The following is a simple evaluation matrix with six (6) options/choices listed down the far left column and four (4) criteria listed across the top row. The options are those that we want to make choices from or rank in order of priority. The options should be different enough from one another that a choice matters.
Criteria are selected from those that are most important to us in making the choice. The criteria are different from each other. They must also be parallel to one another in terms of how you would rank them...a high or low numerical ranking should mean the same for each one...good or bad. A good way to start is to develop or brainstorm a list of criteria and then select the ones that make the most sense for this choice.
To use the evaluation matrix, decide on a ranking scale such as 1,3, and 5. 1 has the lowest desirability, 3 middle level, and 5 is the highest desirability. Ask yourself "Will it...?" or "Does it...?" and score the option against the criterion. Work down each column to rank each option for the same criterion. Then go to the next column/criterion. This will reduce the possibility that you will favor one option over the others once you see how you rank it. See how this matrix has been started. In this case Options 1 and 4 are ranked low, Option 3 is ranked at the middle, and Options 2, 5, and 6 are ranked highly.
The example criterion we have chosen relate to how quickly the option could be accomplished and how big an impact it would have when done. A higher score is better (shorter time to install, lower cost to accomplish, bigger benefit, more management support)
Once the ranking is done, you may begin the analysis. One approach is to total the scores for each option. In this case, we see the following:
The caution is that the totals alone (nor the process itself) will give you the one
right answer! This process allows you to narrow your choices and evaluate your
options in an orderly manner. We can see that Options 1, 3, and 4 seem to fall away
from the top of the list because of their low scores. And the remaining three
are close together. Now you have to decide what is more important and why.
Option 6 has the highest management support but will cost the most to accomplish.
Option 2 has the highest scores overall but is not as high in management support.
You might now, for example, show your analysis to management and see if you can create
more support for Option 2. Or as you can see, you can take other approaches to
You can have the members of a group do their own rankings and then commingle the results onto one summary report. Some choices may be obvious but where they are not, you have room for discussion. Ask the individuals who ranked a particular choice the highest and lowest to explain their positions. This discussion will help you reach understanding and consensus. Yes, consensus does sometimes take longer but you will have reduced the number of options to debate if, for example, you work with only the top choices overall. If someone feels strongly about a option that is not selected, they can let you know why. Their reasons may be helpful in making further choices and rankings.

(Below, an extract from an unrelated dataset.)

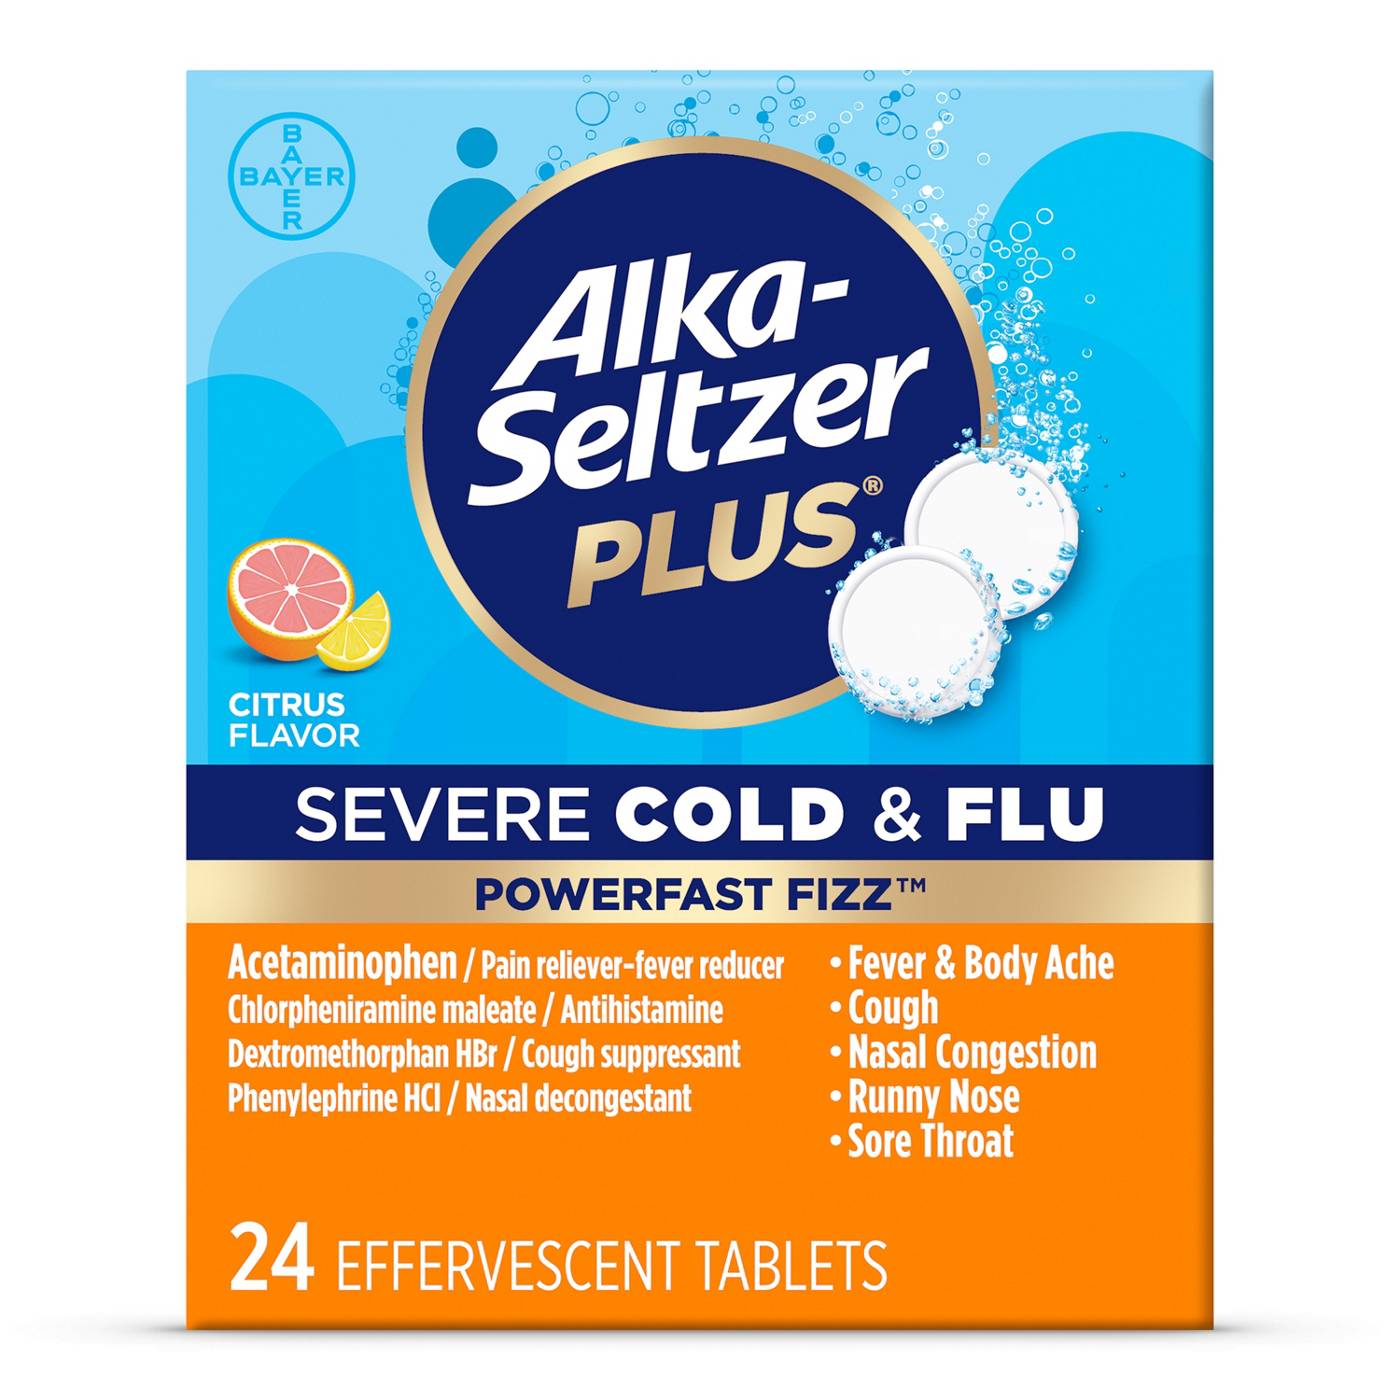 Alka-Seltzer Plus Severe Cold & Flu Powerfast Fizz Tablets - Citrus; image 1 of 6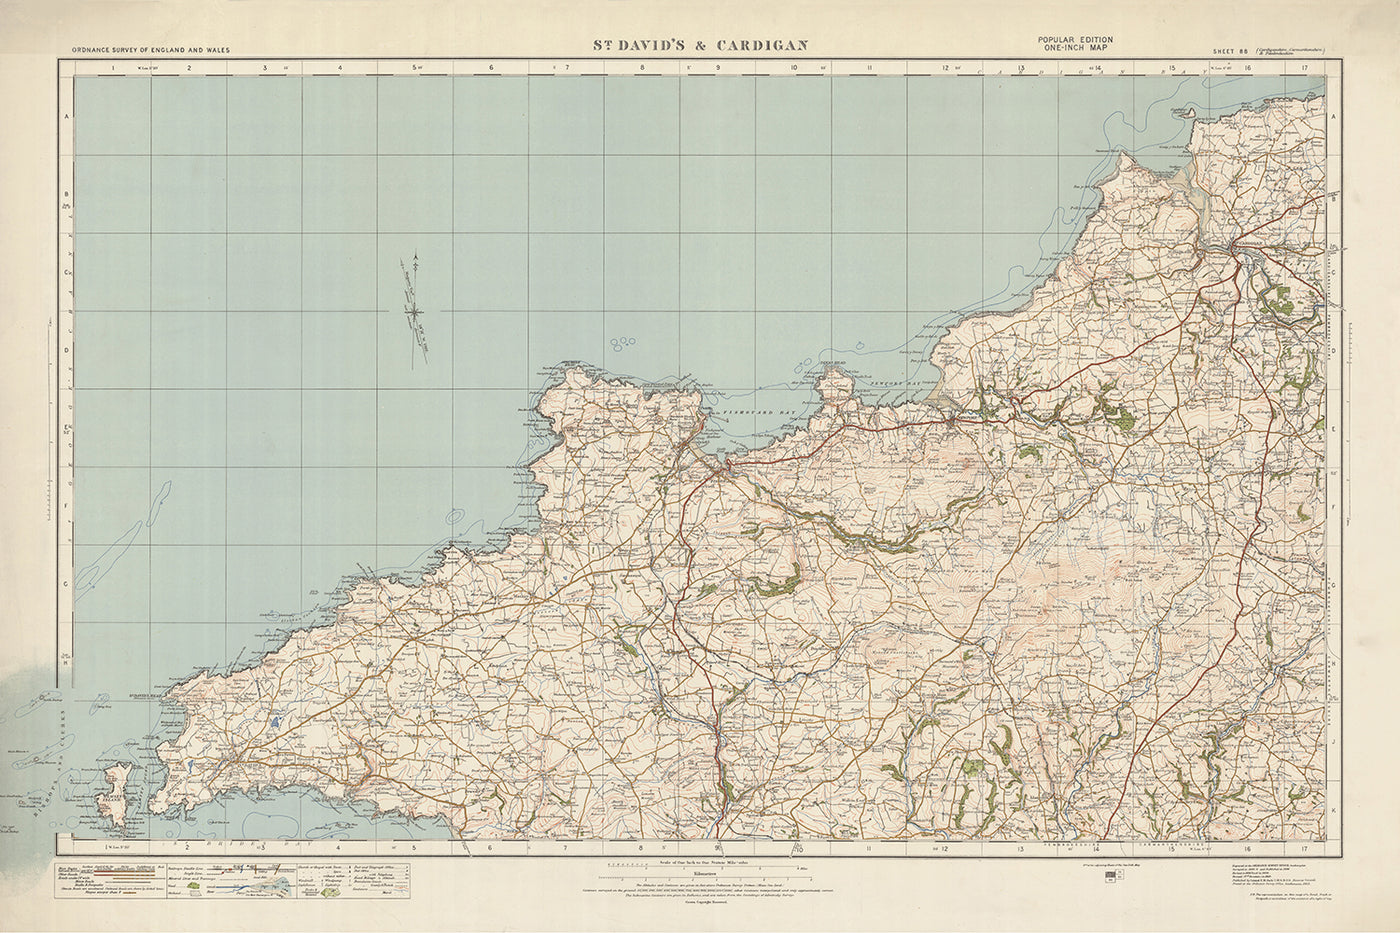 Old Ordnance Survey Map, Sheet 88 - St. Davids & Cardigan, 1925: Fishguard, Newport, Letterston, Ramsey Island, and Pembrokeshire Coast National Park

Examples of using the evaluation matrix
Example 1: A company needed to reduce their costs quickly to address profitability and cash flow problems. A cross-functional team brainstormed options and created a list of 15 candidates. The list looked good but they knew they didn't have enough time, money, or people to do all of them. They decided on the most important criteria, created an evaluation matrix, and 5 people completed it. The results from the 5 people were totaled and the group met to review the results. The best options became clear from the matrix and the discussions. Two options cost so much because of capital equipment requirements that they couldn't be taken on right away so they were set aside. Five options gave relatively small benefits but were so quick and easy to implement that they were started right away (small amounts can add up quickly). Another four options required a lot or work but had good payoffs so plans were created and they were started quickly. Four ideas were discarded because they had problems. The net result was that the team and the company focused their efforts in the right areas and saved over $100,000 within three months. And savings continued to flow from there.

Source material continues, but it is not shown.